- Official film poster
- Directed by: Graham Henman
- Screenplay by: Graham Henman; Mark Townend;
- Based on: Bone in the Throat by Anthony Bourdain
- Produced by: Jamie Donaldson; Maggie Monteith; Lenny Beckerman; Nick Thurlow;
- Starring: Ed Westwick; Tom Wilkinson; Andy Nyman; Vanessa Kirby; Rupert Graves; John Hannah;
- Cinematography: Felix Wiedermann
- Edited by: Gabriel Wrye; Peter Oliver;
- Music by: Lorne Balfe
- Production companies: Upload Films; Hello and Company; Dignity Film Finance;
- Release date: March 14, 2015 (SXSW);
- Running time: 93 minutes
- Countries: United Kingdom; United States;
- Language: English

= Bone in the Throat =

Bone in the Throat is a 2015 British-American crime drama film directed by Graham Henman with a screenplay by Henman and Mark Townend based on the novel of the same name by Anthony Bourdain.
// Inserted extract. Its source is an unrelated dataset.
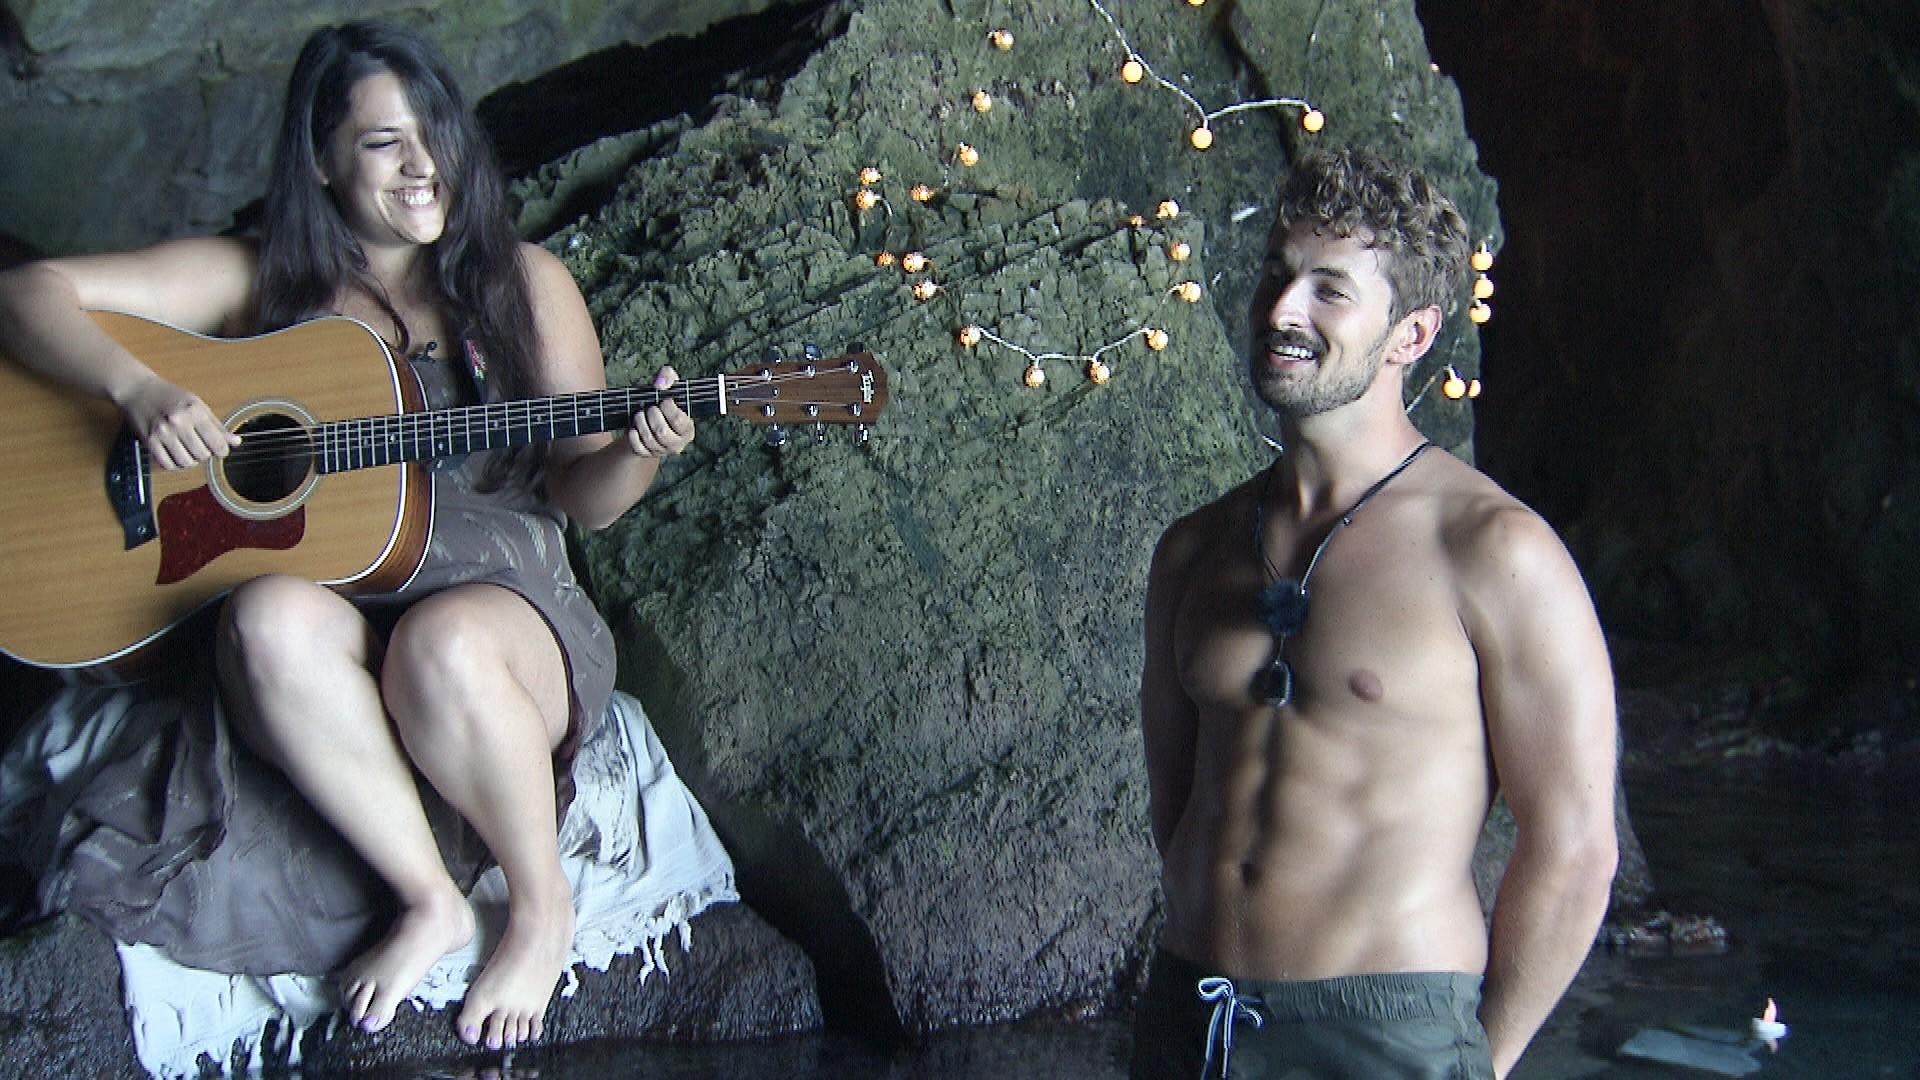 Prince Charming 2019 Folge 4 - Nicolas und Andreas küssen sich

The film stars Ed Westwick, Tom Wilkinson, Andy Nyman, Vanessa Kirby, Rupert Graves and John Hannah. The film premiered at the South by Southwest Film Festival on March 14, 2015.

==Premise==
A young, ambitious chef is mixed up with the East End London mob. While showing off his culinary skills, he finds himself trapped as a witness to a murder in his own kitchen.

==Cast==
- Ed Westwick as Will Reeves
- Tom Wilkinson as Charlie
- Andy Nyman as Ronnie the Rug
- Vanessa Kirby as Sophie
- Rupert Graves as Rupert
- John Hannah as Sullivan
- Neil Maskell as Lewis
- Steven Mackintosh as McDougal
- Tim Plester as Skinny
- Xavier Laurent as Chef Stephane

==Production==
In May 2012, it was reported that a film adaptation of Anthony Bourdain's novel Bone in the Throat was being made, to be directed by Graham Henman, who co-wrote the script with Mark Townend. Bourdain is executive producer for the project. Ed Westwick was cast in the lead role on May 6, 2013.